After reaching the remote reef in their exploration vessel Nautilus, they used a remotely operated vehicle named Hercules to shovel rocks and sediment from the ocean floor over 10,000 feet below the surface. When scientists at the University of Rhode Island later inspected the samples, they found a series of uniform serrated edges under the outer crust of one of the rocks. The rock turned out to be 3.5-million-year-old fossilized megalodon tooth that researchers estimate would have measured almost 4 inches long and 3 inches wide before all those millennia underwater took their toll.

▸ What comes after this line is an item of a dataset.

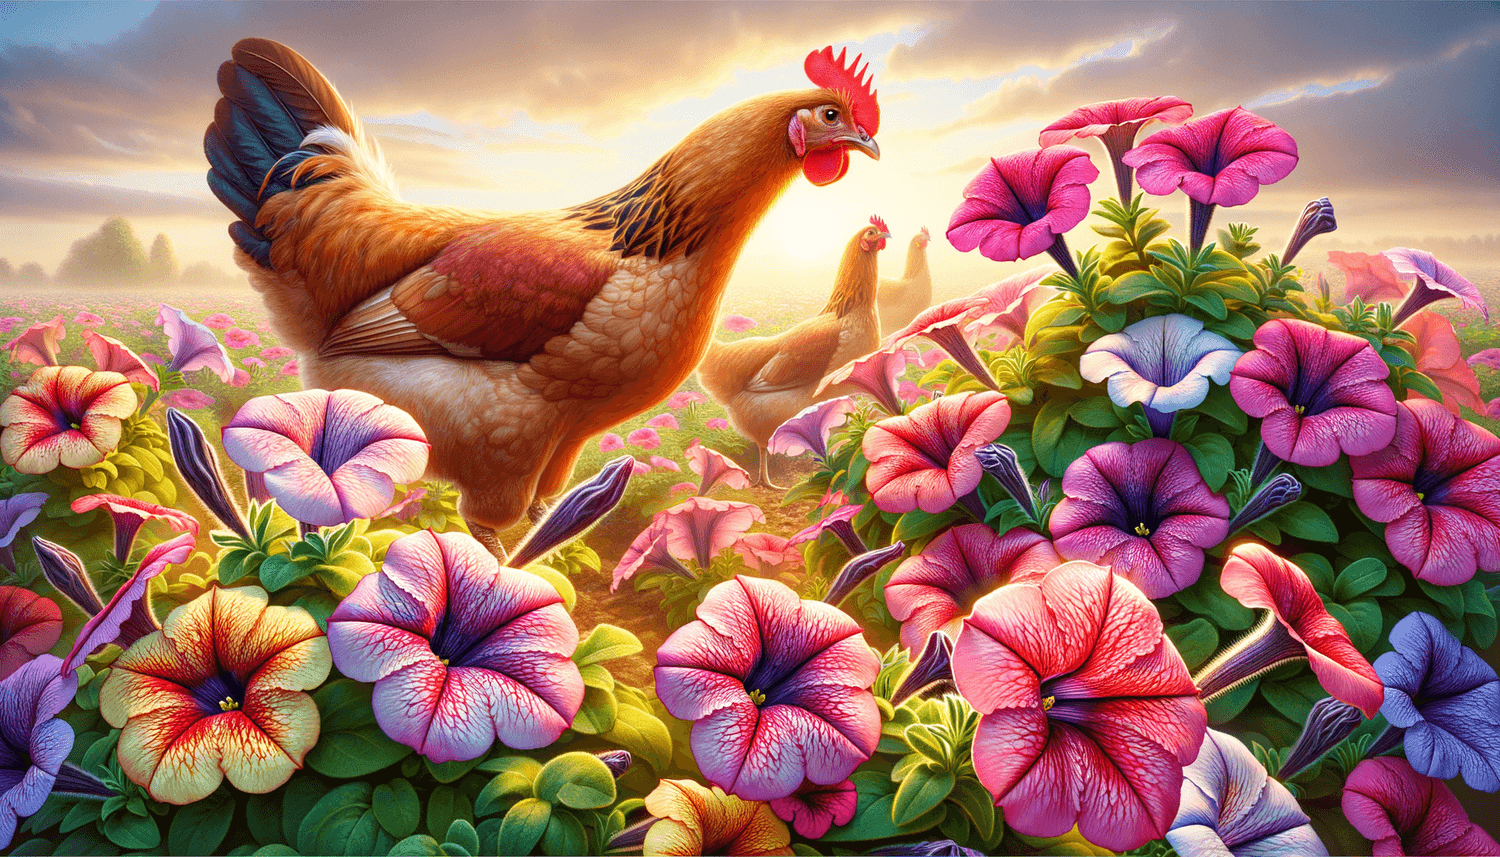 Can Chickens Eat Petunia Flowers?

Despite being almost wholly encrusted in an alloy of iron and manganese, as the article points out, the tooth’s long lifespan was uneventful.
“The well-preserved serration of the cutting edges suggests that the tooth did not undergo large transportation or drifting from which abrasion of the cutting edges would be expected,” the article reads. “Exposure of the cutting edge indicates that the sampling location did not accumulate overlying sediment, despite a minimum age of the fossil tooth of 3.5 million years of age.”
In layman’s terms, the tooth was mostly stationary during all that time, since the serrated edges are still so defined. If the tooth had rolled around on the ocean floor or been in a more turbulent spot where sediment kicked up more frequently, it might not have been in such good shape. And for some reference on just how long 3.5 million years actually is, modern humans didn’t evolve until 90 percent of that timespan had come and gone.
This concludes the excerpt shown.